Corone or Korone (Κορώνη) was a town of ancient Messenia, situated upon the western side of the Messenian Gulf, which was sometimes called after it, the Coronaean. According to Pausanias, it was built on the site of the Homeric Aepeia, at the time of the restoration of the Messenians to their native country, by Epaminondas; and received the name of Coroneia because Epimelides, who founded the new town, was a native of Coroneia, in Boeotia. This name was changed by the Messenians into that of Corone. According to others, Corone corresponded to the Homeric Pedasus.
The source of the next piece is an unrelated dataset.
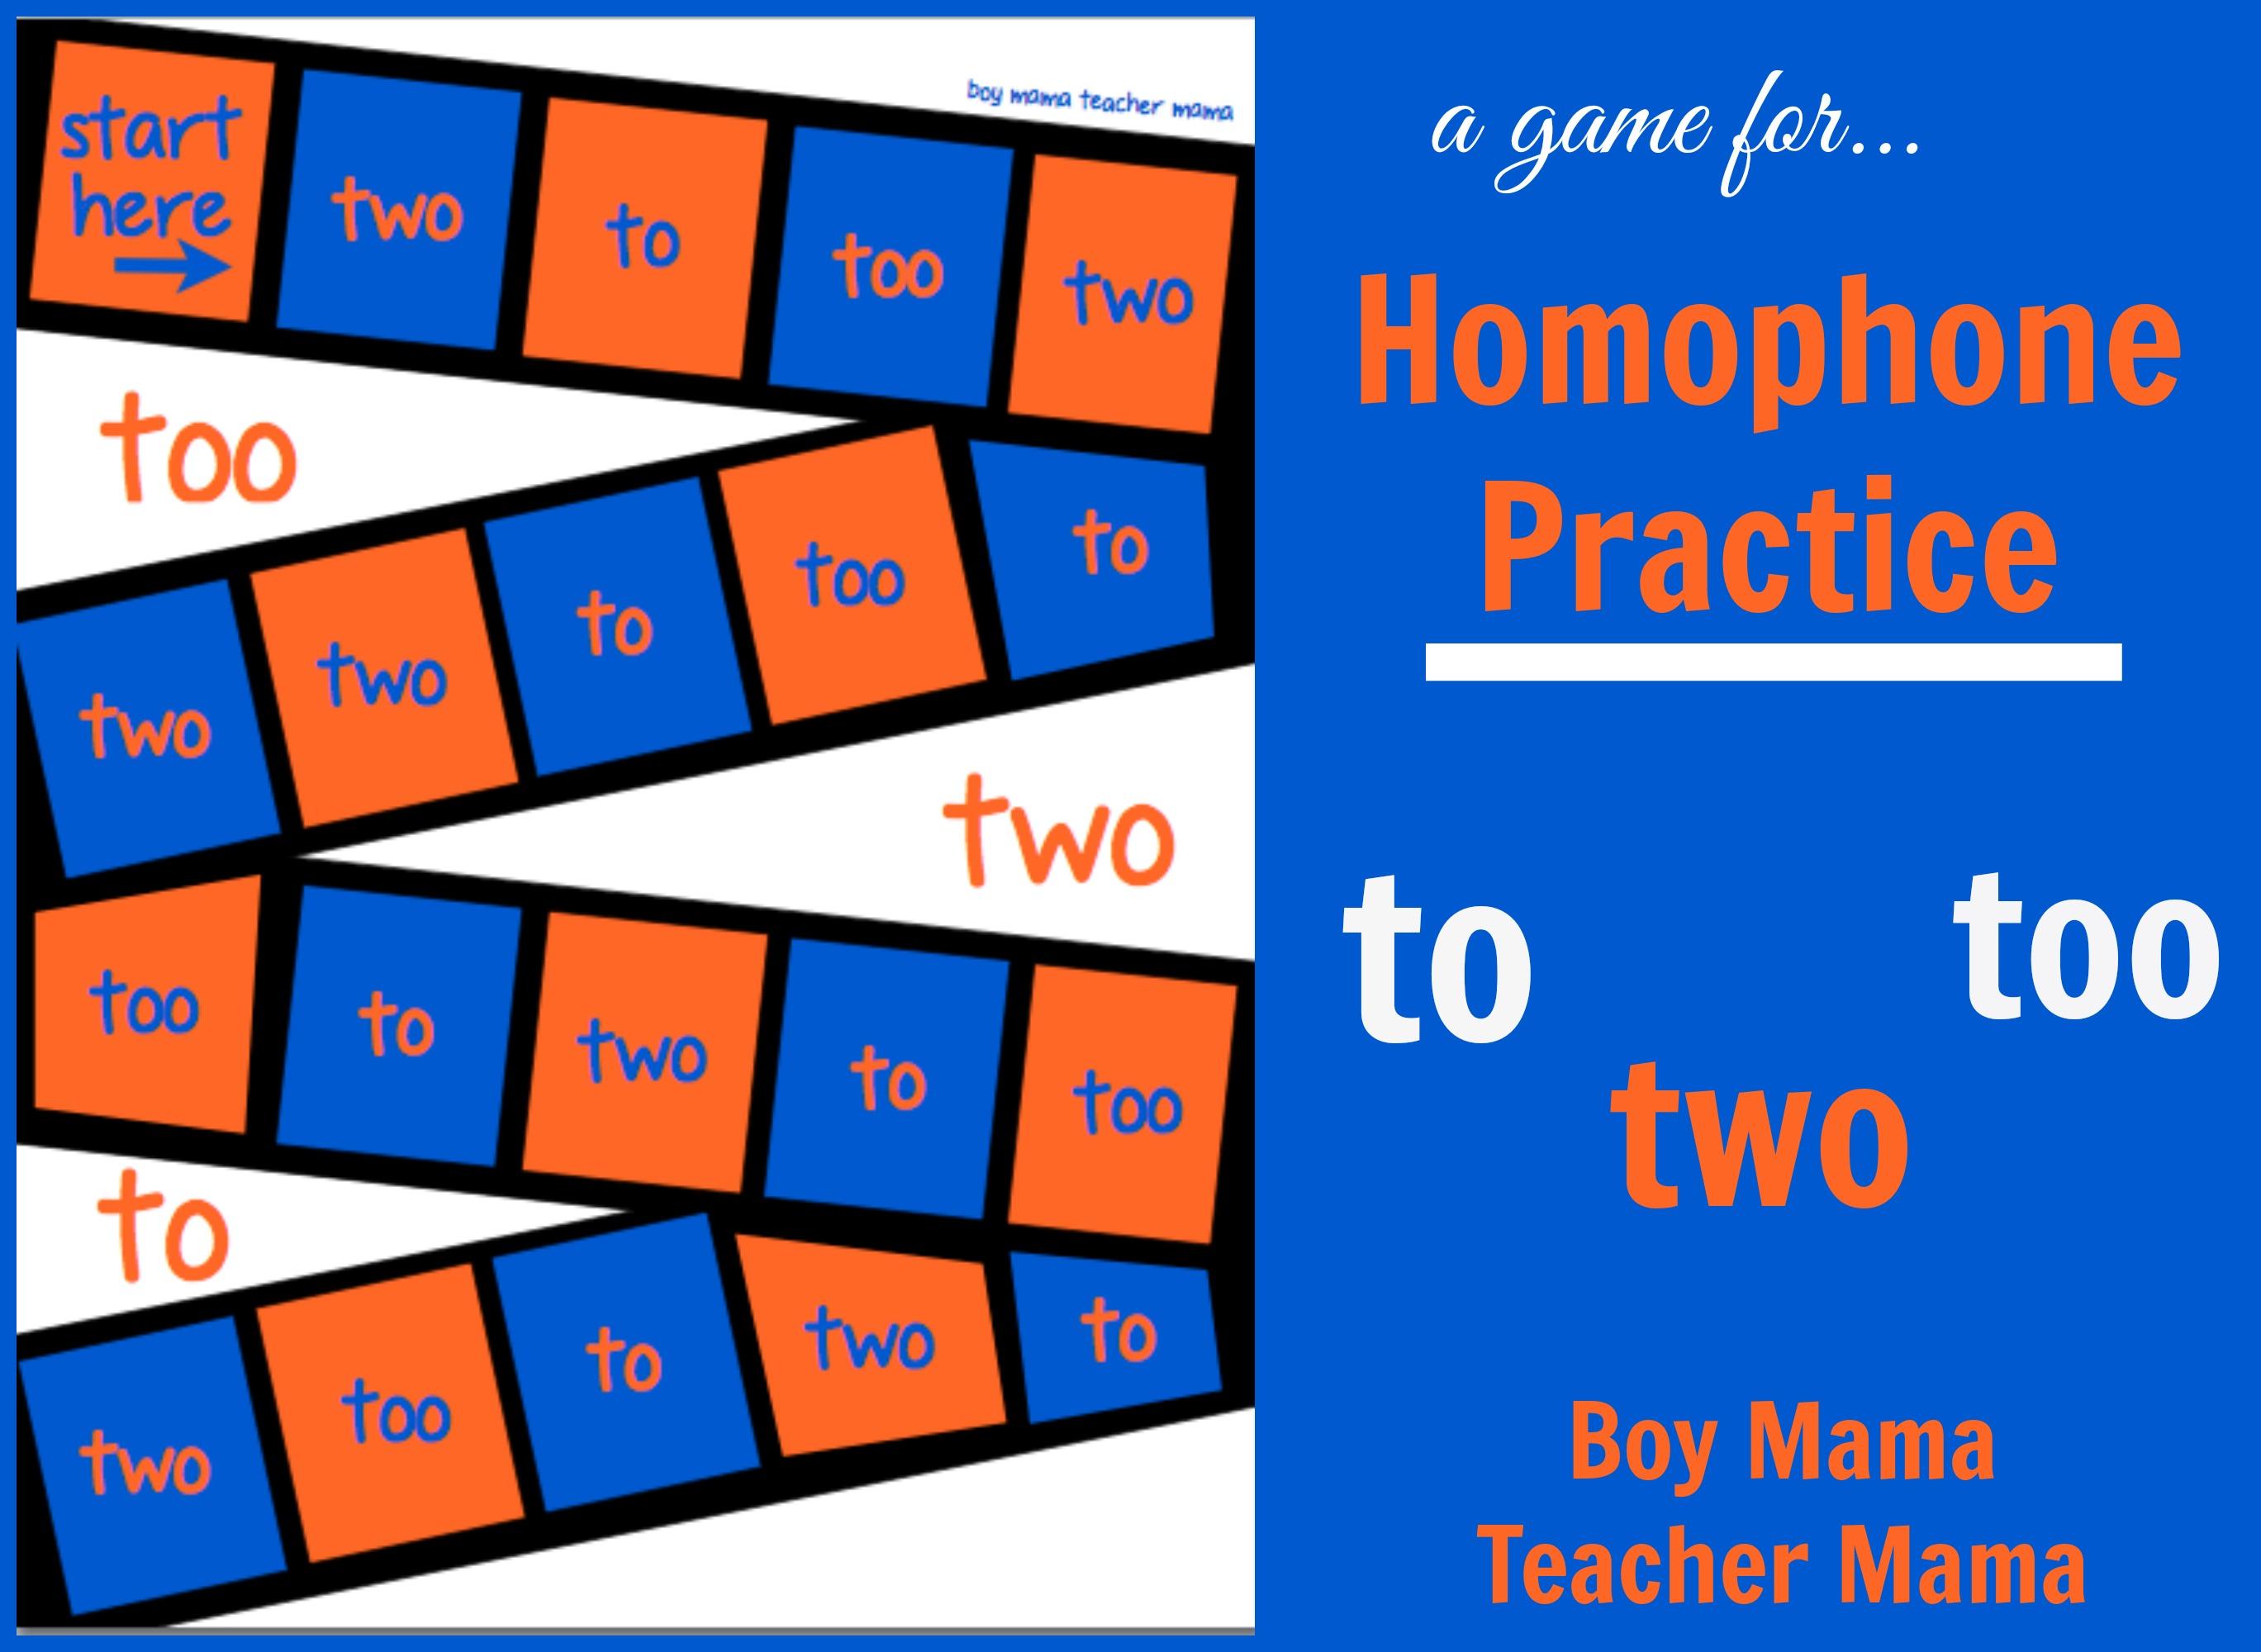 Teacher Mama Homophone Practice To Too Two Boy Mama

In the acropolis of the city was a brazen statue of Athena, who became the patron deity of Corone in consequence of her worship at Coroneia. In the agora there was a statue of Zeus Zoter, as at Messene; and there were likewise in the lower city temples of Artemis, of Dionysus, and of Asclepius. The harbour of Corone was called the port of the Achaeans, probably because the city belonged to the Achaean League.

Pausanias says that Corone was situated to the right of the Pamisus, close to the sea, and at the foot of a mountain called Temathia or Mathia (the reading is doubtful). The name of the mountain in the 19th century was Lykódimo, at the foot of which stands Petalidhi, on the site of Corone, in a small but fertile plain. The modern town of Koroni, named after the ancient one, however, is situated upon a promontory some distance south of Petalidhi, occupies the site of Asine. It is probable that the inhabitants of Corone migrated at some period to Asine, carrying with them their ancient name.

There are considerable remains of Corone. Part of a mole may still be traced jutting out into the sea, and in the plain have been found foundations of houses and walls, and some works of ancient art. There are likewise traces of the walls of the acropolis upon the heights above the plain.

Corone was supplied with water for drinking from the fountain Plataniston, which flowed from a hollow plane tree 20 stadia from the road, leading from the Pamisus. Eighty stadia south of Corone, near the coast, was the temple of Apollo Corynthus, the site of which is probably indicated by some ancient remains on the hill of St. Elias, near the sea, above the village of Kastélia.

Corone belonged to the Achaean League. According to Livy, it was on his march to relieve this city that Philopoemen was made prisoner, and put to death at Messene on the following day (183 BCE). Plutarch, however, relates that Philopoemen was captured on his march towards Colonis; but the statement of Livy is the more probable one. Corone is also mentioned by Ptolemy.

Its site is located near the modern Petalidi.